By the mid-1960s, enrollment reached a bulging 738, and the school board’s thoughts turned to the recommendation of a citizens’ committee to build a larger campus.

Strict Field Act earthquake standards and inspections by the State Fire Marshal led to abandoning the Dome for classes in 1967. Portable buildings, augmenting some already in place, were brought in and covered most of the paved playground areas.
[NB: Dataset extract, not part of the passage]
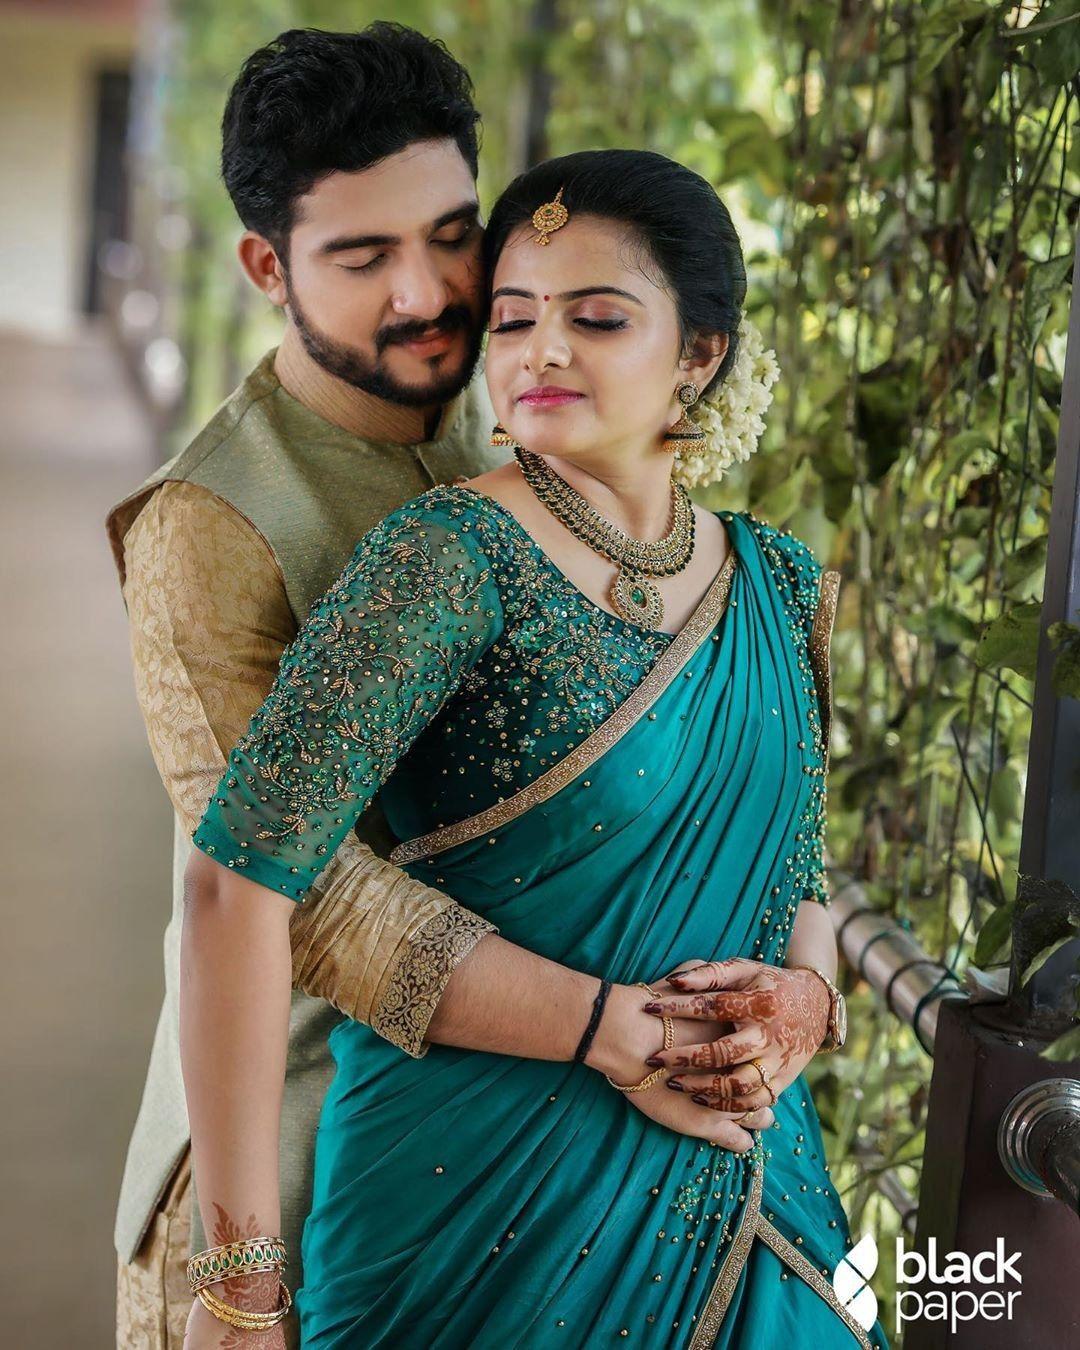 Pin By Gaurav Mavani On Couple S Costumes Pre Wedding Photoshoot Outfit Indian Wedding Couple Photography Kerala Wedding Photography
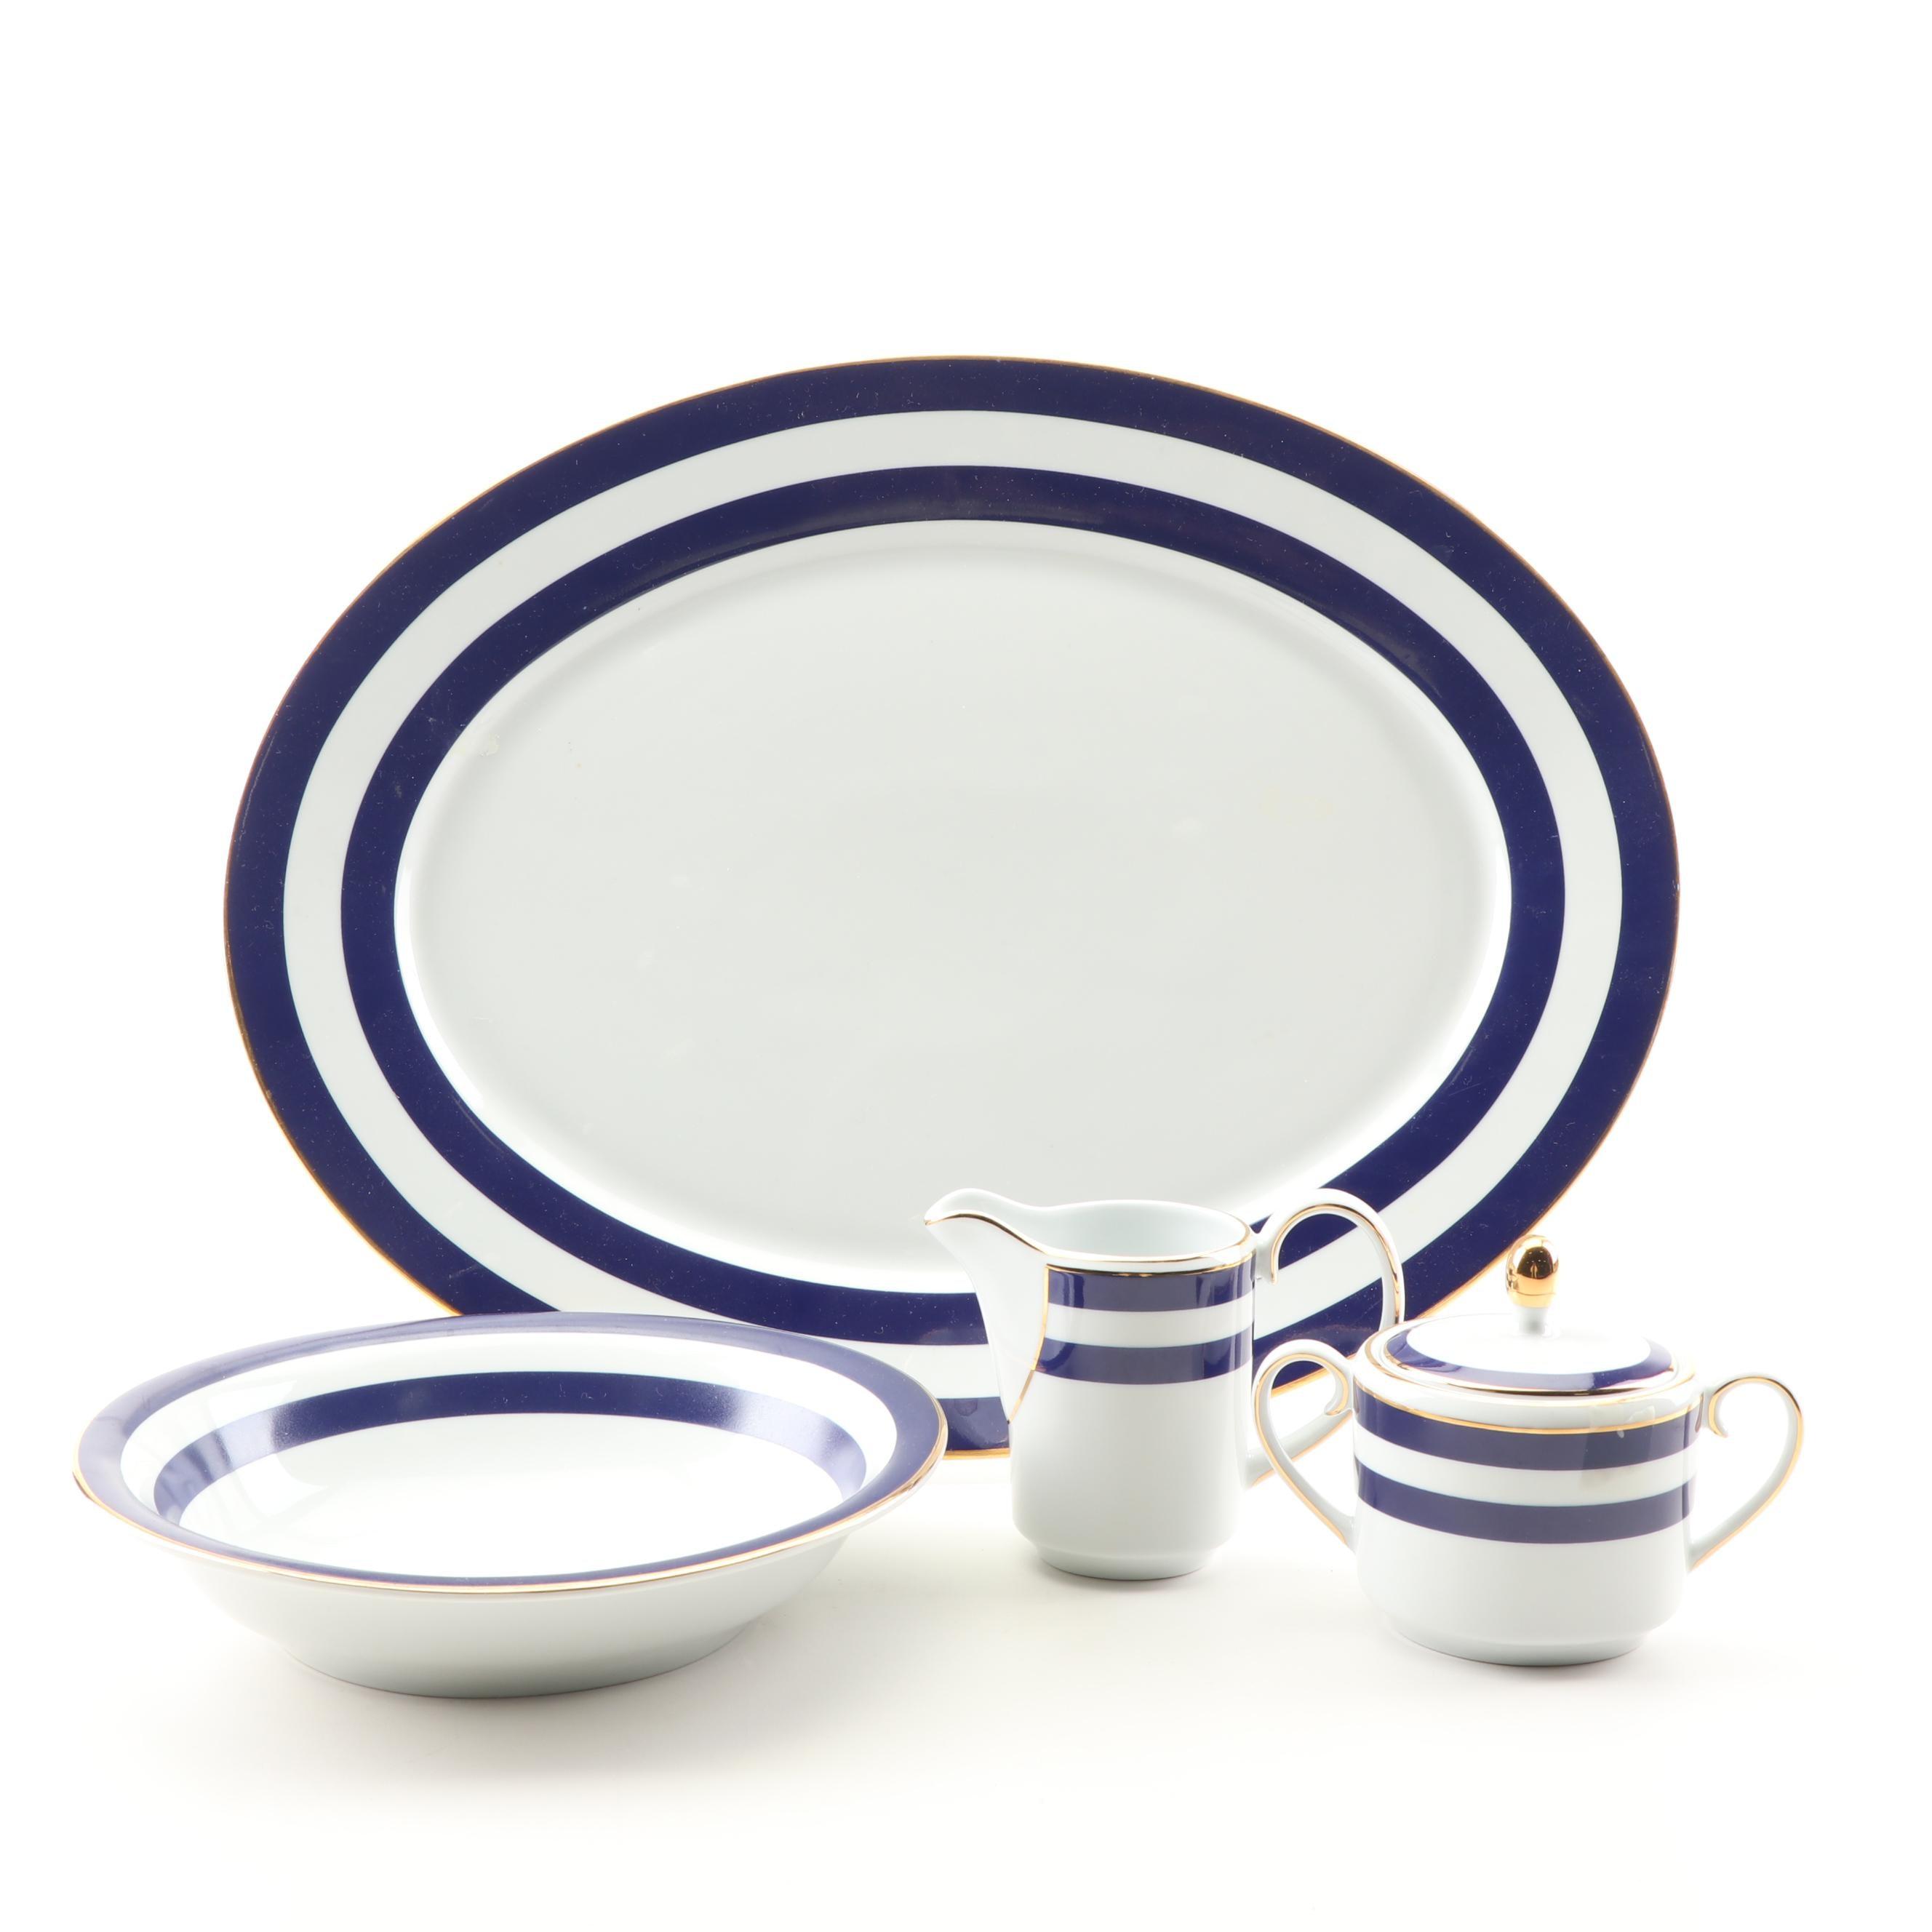 "Ralph Lauren ""Spectator Cadet"" Ceramic Serveware Set"

It took considerable assurances from the board to quell “Save the Dome” sentiments, as one proposal was to demolish the beloved building for new classrooms. After nine tries, voters passed a bond issue on May 13, 1969, assuring a brand new, state-of-the-art school on Greenley Road, on portions of two former dairy ranches.

Red brick veneer was used extensively throughout the new facility and is a cultural tie to Sonora’s first red brick schoolhouse of 1858.

The last students attended school in the educational icon 56 years ago, only two years less than the 58 years it was a hotbed of learning for several generations of learners.

The Sonora Union High School District, owner of the entire South Barretta Street Campus, is preparing to sell the Dome and the two classroom units to the north in a public sale pending the completion of an appraisal.

“The historic Sonora Dome is one of the best examples of early 20th century public schools in California,” according to a professionally-prepared feasibility study from 20 years ago.

At 114 years young, it needs some TLC, as the study noted, but with 21st-century imagination, know-how, and determination, this place can continue for years to come.